Wednesday 30 July 2014

REGISTRATION FOR YU LAN CEREMONY


According to the Chinese lunar calendar, we have entered into the 7th lunar month which is also referred to as the Ghost month by the Chinese. The Ghost Festival is referred to as Yu Lan Jie at temples and Buddhist associations.
Yu Lan Jie ( 盂蘭節) is a traditional Buddhist and Taoist festival held in countries where there are Chinese. In the Chinese lunar calendar the Ghost Festival is on the 15th night of the seventh month.  The Cantonese being from Southern China celebrate on the 14th day.
The fifteenth day (or fourteenth) of the seventh month in the lunar calendar is called Ghost Day and the seventh month in general is regarded as the Ghost Month(鬼月), in which ghosts and spirits, including those of the deceased ancestors, come out from Hades.
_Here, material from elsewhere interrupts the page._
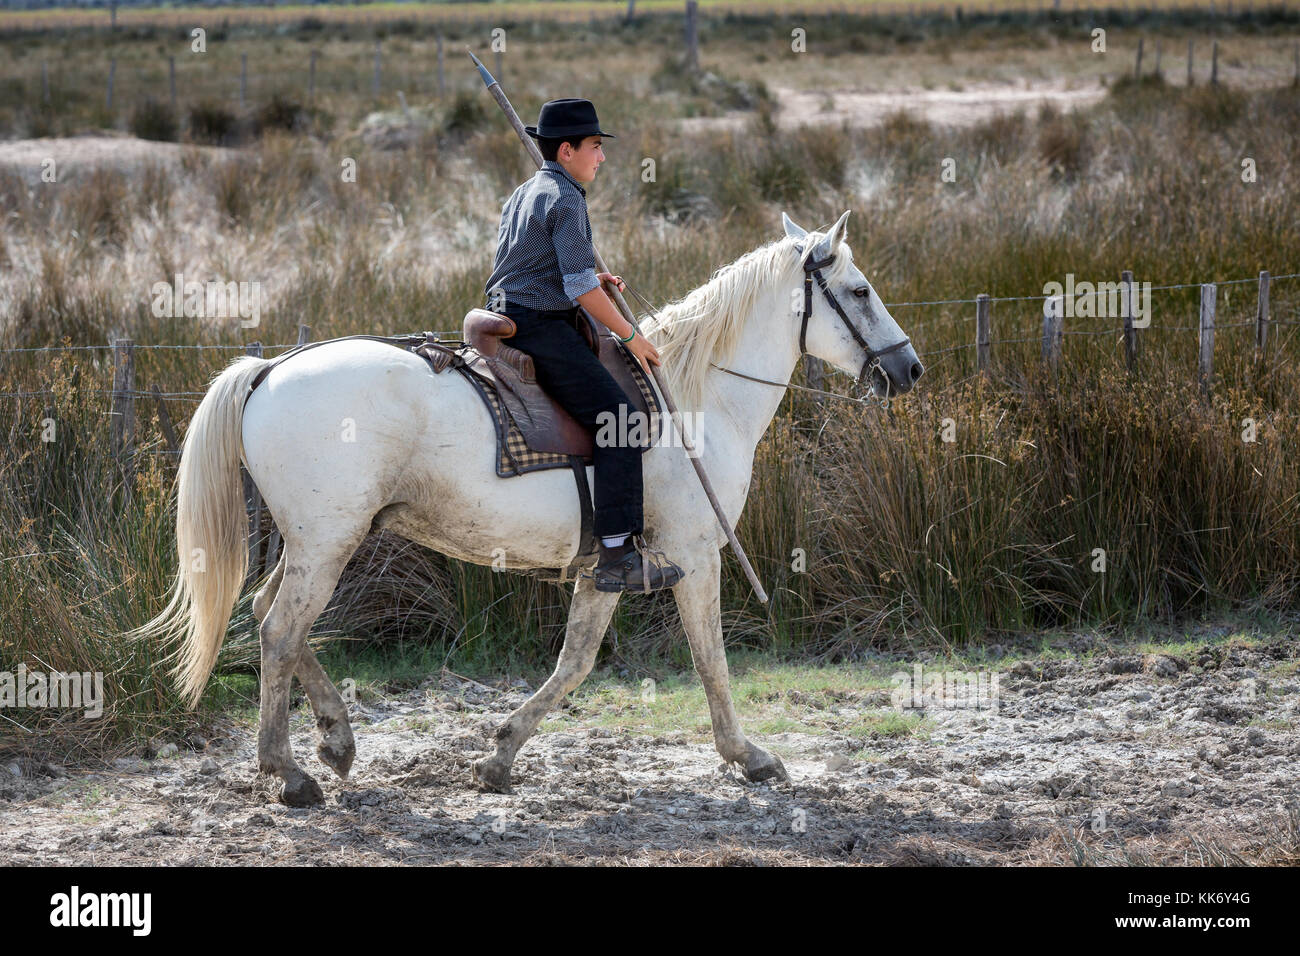 Ein junger französischer Guardian/Gardian auf Pferd, die Camargue, Frankreich Stockfoto

Unlike the Ching Ming festival whereby the descendants visit the graves of their ancestor, Yu Lan Jie is when the deceased are believed to visit the living.
During this month, Chinese of Taoist or Buddhist faiths hold ceremonies and rituals to relieve ghosts from suffering, many of them holding ceremonies in the afternoon or at night (as it is believed that the ghosts are released from hell when the sun sets). Altars are built for the deceased and priests and monks alike perform rituals for the benefit of ghosts. Monks and priests often throw rice or other small foods into the air in all directions to distribute them to the ghosts.
Already I have registered my parents' names for prayer ceremonies, one at the Memorial Park where their ashes are interned and the other at a temple in Greentown in Ipoh.  Later today, I want to register their names for the Yu Lan ceremony at the Sitiawan Buddhist Association.